Hi - I’m trying to use Datacenter GPU Manager (DCGM) to gather info about running processes on a GPU. My code is fairly
straightforward:
import dcgm_fields
from DcgmReader import DcgmReader
def get_gpu_info():
myFieldIds = [ dcgm_fields.DCGM_FI_DEV_NAME,
dcgm_fields.DCGM_FI_DEV_UUID,
dcgm_fields.DCGM_FI_DEV_FB_TOTAL,
dcgm_fields.DCGM_FI_DEV_COMPUTE_PIDS
]
dr = DcgmReader(fieldIds=myFieldIds)
dr_gpu_data = dr.GetLatestGpuValuesAsFieldIdDict()
gpu_data = {}
for gpu, gpu_info in dr_gpu_data.items():
print(gpu_info)
gpu_data[gpu] = { 'model': gpu_info[50], 'gpu_id': gpu_info[54], 'gpu_compute_pids': gpu_info[221] }
return gpu_data
From dcgm_fields.py:
DCGM_FI_DEV_COMPUTE_PIDS = 221 #Compute processes running on the GPU.

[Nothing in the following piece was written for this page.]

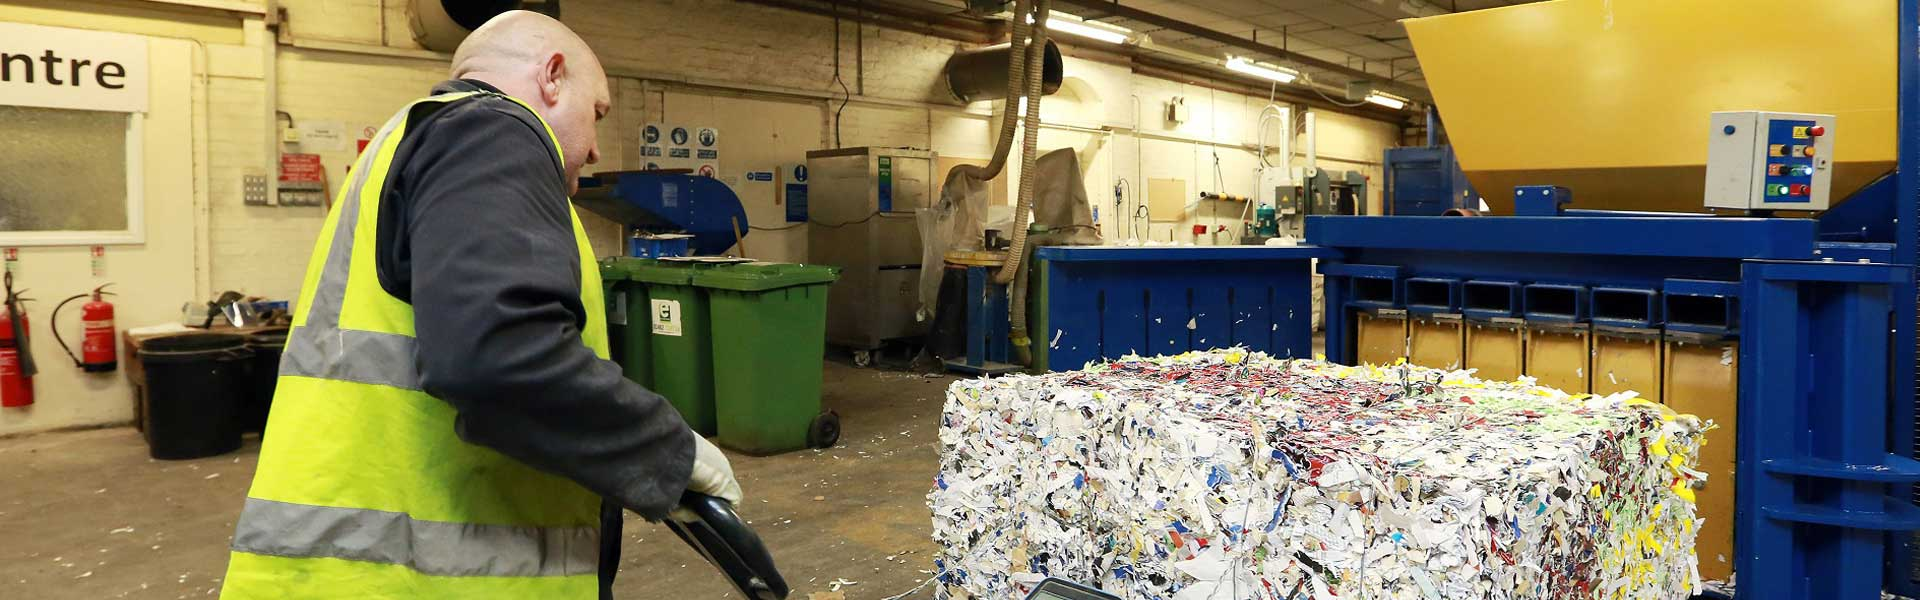 UK's largest single importer of produce owns Riverside fleet of waste balers

When I run nvidia-smi I see the tensorflow processes bound to each of my GPUs and they all have “C” compute capability. However when I run the above function all the values are returned as None.
>>> get_gpu_info()
{50: 'Tesla V100-SXM2-32GB', 250: 32480, 54: 'GPU-c97bfcc0-f899-101c-ef1d-xxxxxxxx', 221: None}